Chinese transcription(s)
- • Simplified: 大坪乡
- • Traditional: 大坪鄉
- • Pinyin: Dàpíng Xiāng
- Daping Township Location in Hunan
- Coordinates: 27°54′11″N 112°25′55″E﻿ / ﻿27.90306°N 112.43194°E
- Country: People's Republic of China
- Province: Hunan
- City: Xiangtan
- County-level city: Shaoshan

Area
- • Total: 32 km^{2} (12 sq mi)

Population
- • Total: 14,300
- • Density: 450/km^{2} (1,200/sq mi)
- Time zone: UTC+8 (China Standard)
- Postal code: 411300
- Area code: 0732

= Daping, Shaoshan =

Daping Township (大坪乡 (大坪鄉, Dàpíng Xiāng)) is a rural township in Shaoshan City, Xiangtan City, Hunan Province, China. It borders Shaoshan Township to the east, Shatian Township and Longdong Township to the south, Baitian Town to the west, and Jinshi Township and Longtan Township to the north. As of the 2000 census it had a population of 14,300 and an area of 32 km2.

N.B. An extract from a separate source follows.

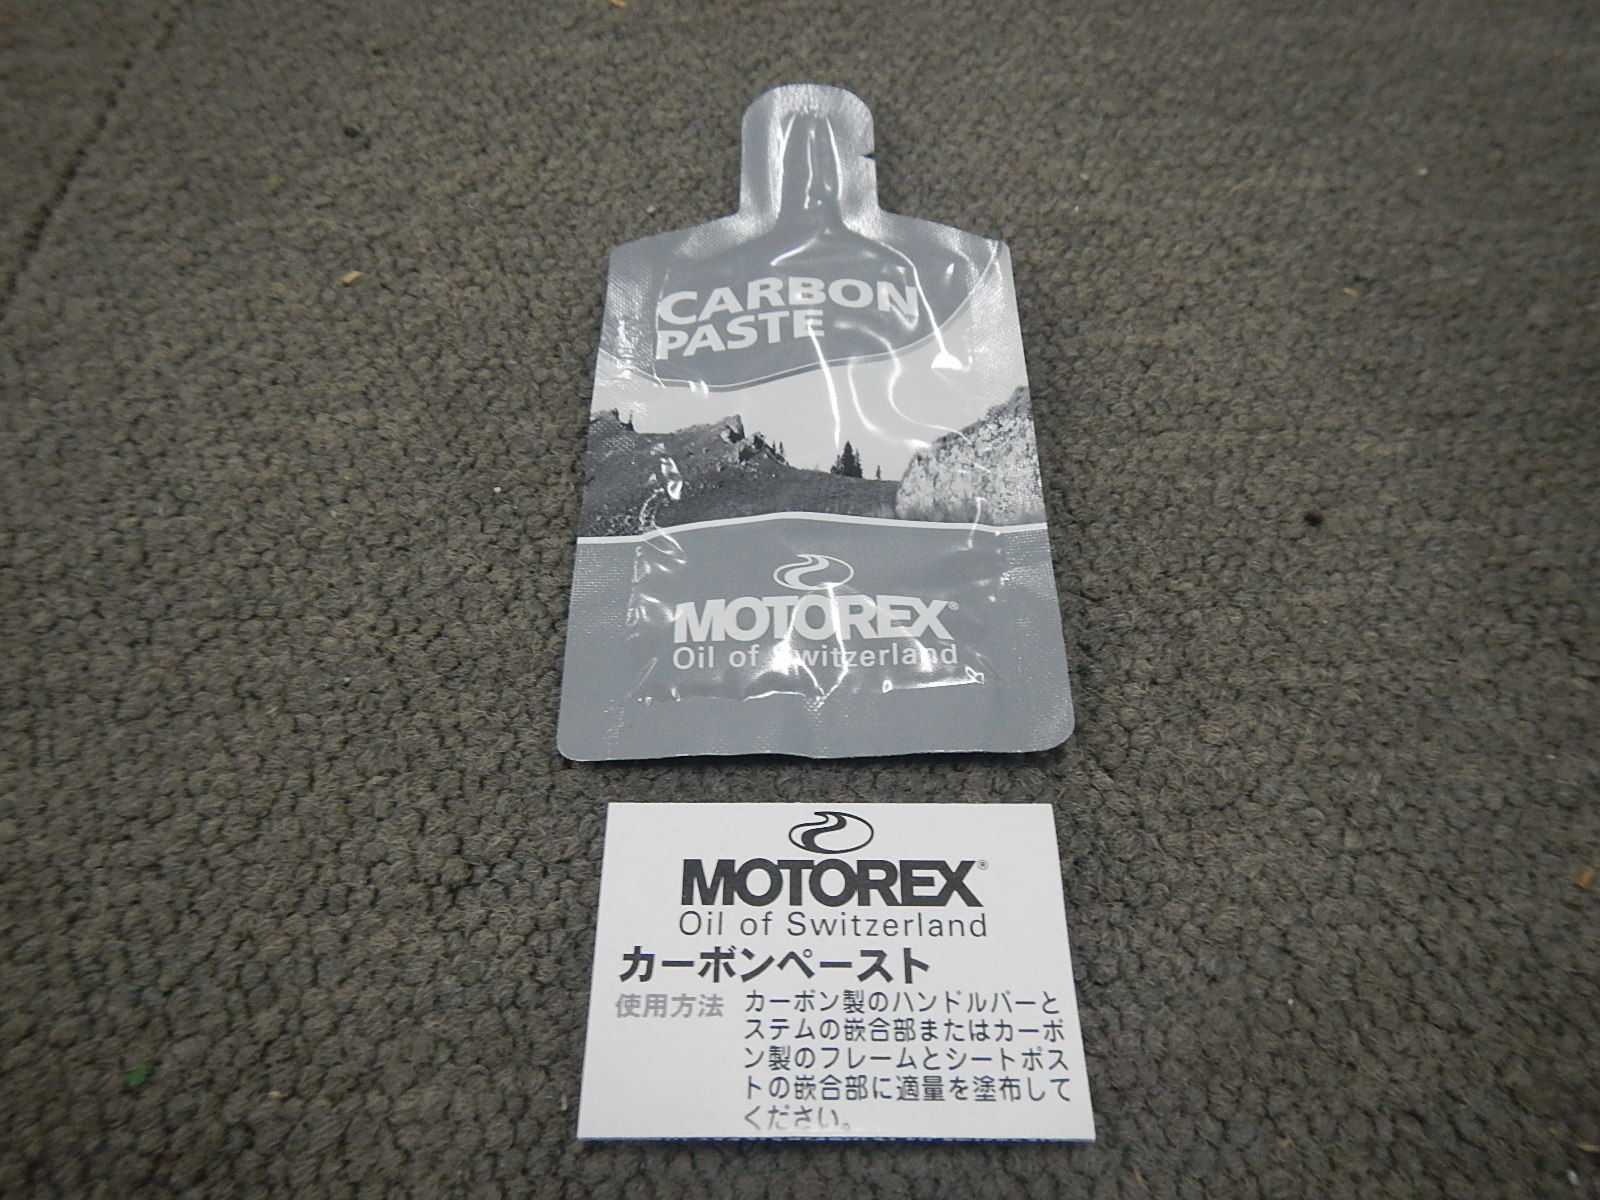 モトレックスの超人気商品です!_a0386742_13172108.jpg

==Administrative division==
The township is divided into nine villages: Xiangshao Village (湘韶村), Shaoxin Village (韶新村), Shaofeng Village (韶峰村), Huangtian Village (黄田村), Meihua Village (梅花村), Linjiawan Village (林家湾村), Xinlian Village (新联村), Daping Village (大坪村), and Zhuzan Village (竹赞村).

==Economy==
Rice, sweet potato, pig, and soybean are important to the economy.

==Education==
There are seven primary schools and one public junior high school in the town.